## WORK INSTRUCTION
A faithful copy of all the data is the goal; omit the pictures.

## DATA EXTRACT
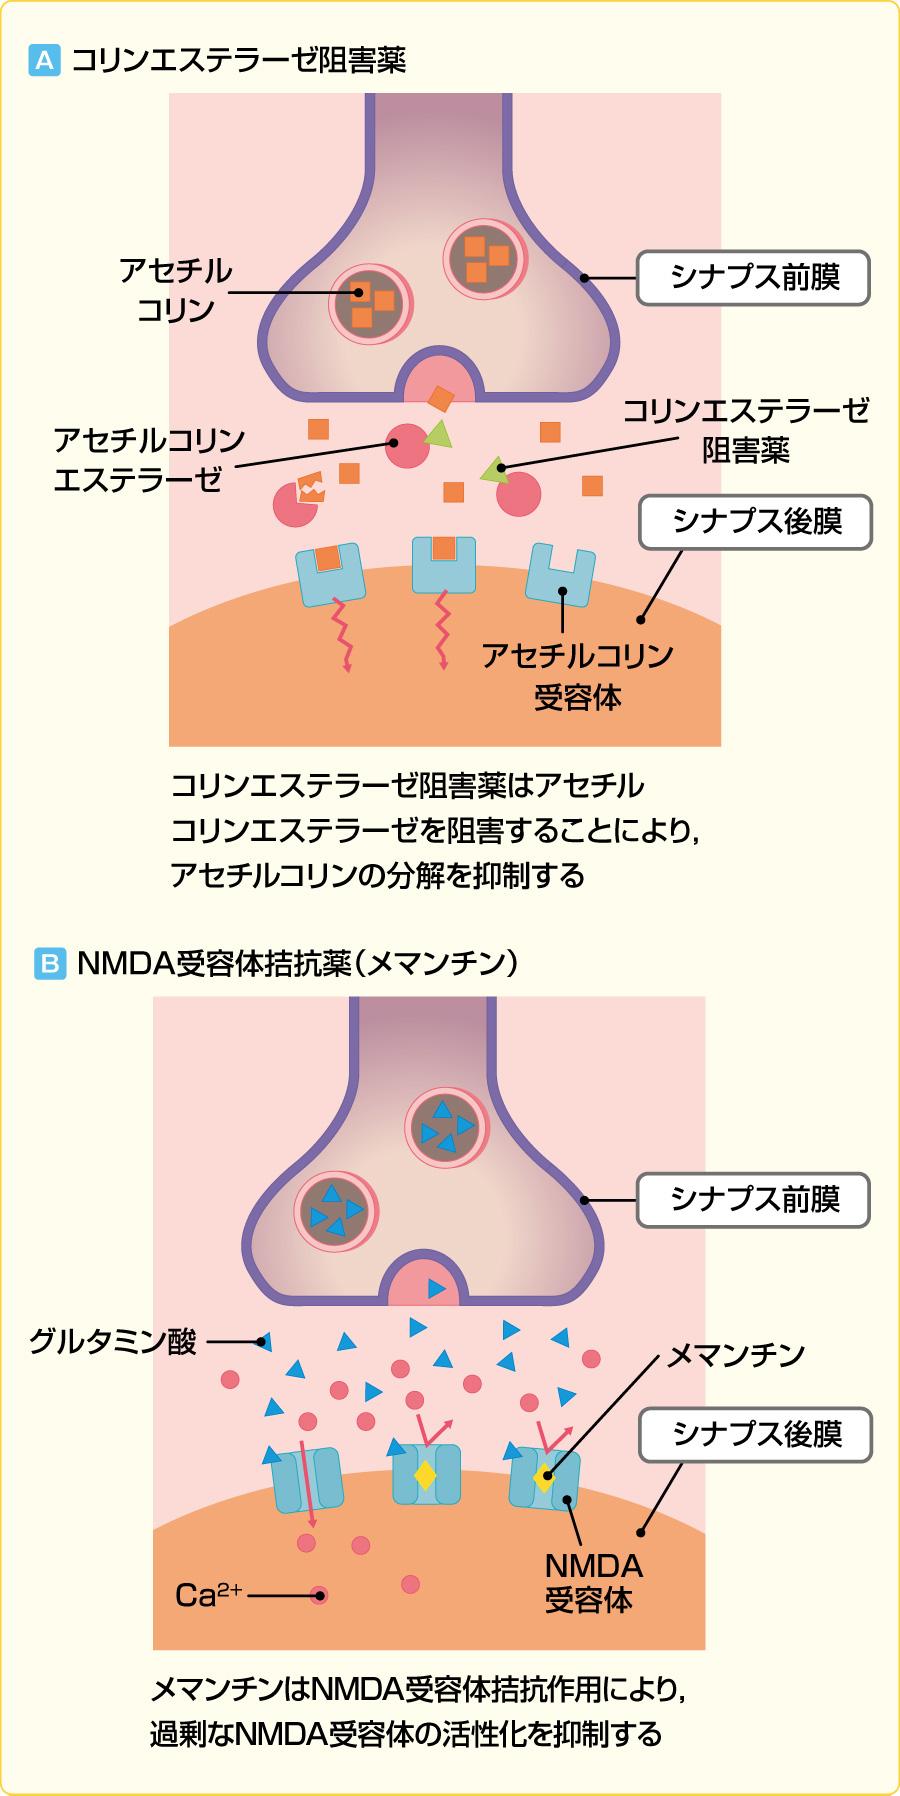 抗認知症薬の作用機序
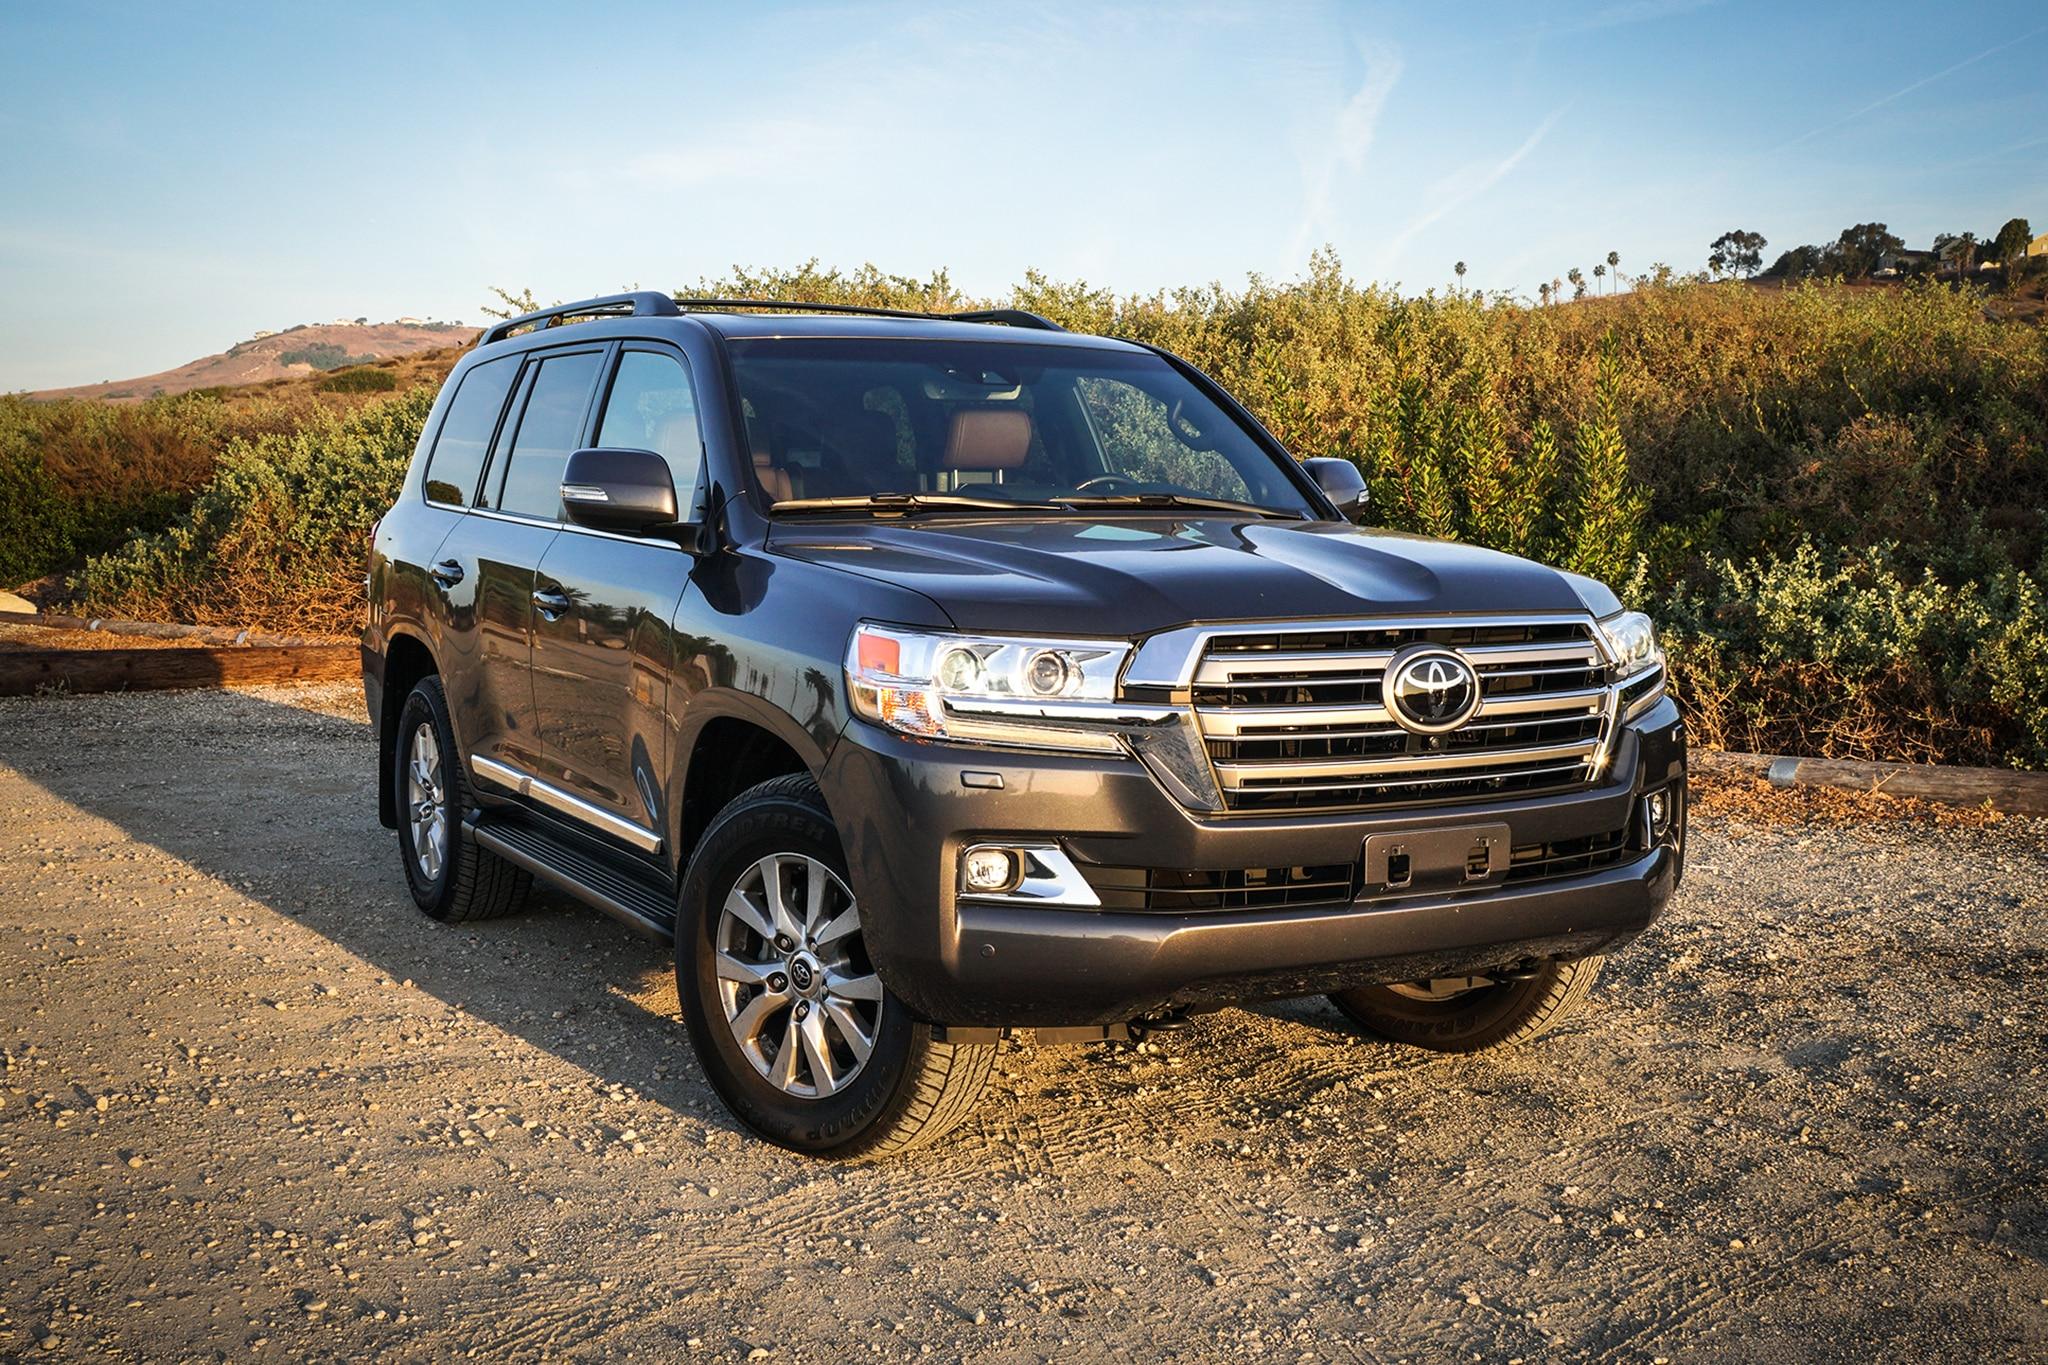 Kekurangan Toyota Land Cruiser 2018 Perbandingan Harga
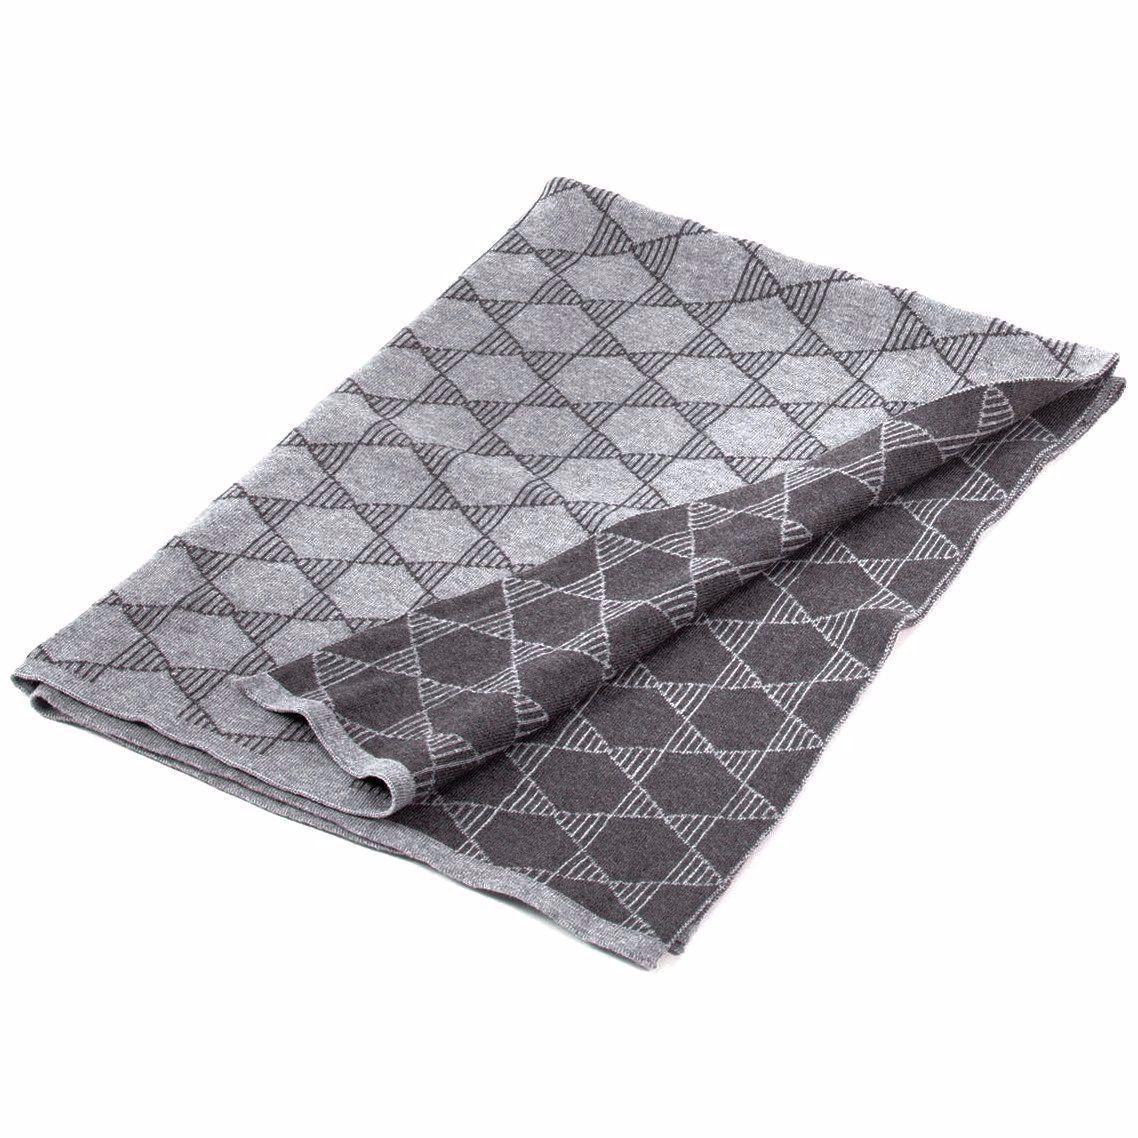 Geometric Knit Baby Blanket

## OUTPUT FOR THIS TASK
 抗認知症薬の作用機序
 Kekurangan Toyota Land Cruiser 2018 Perbandingan Harga
 Geometric Knit Baby Blanket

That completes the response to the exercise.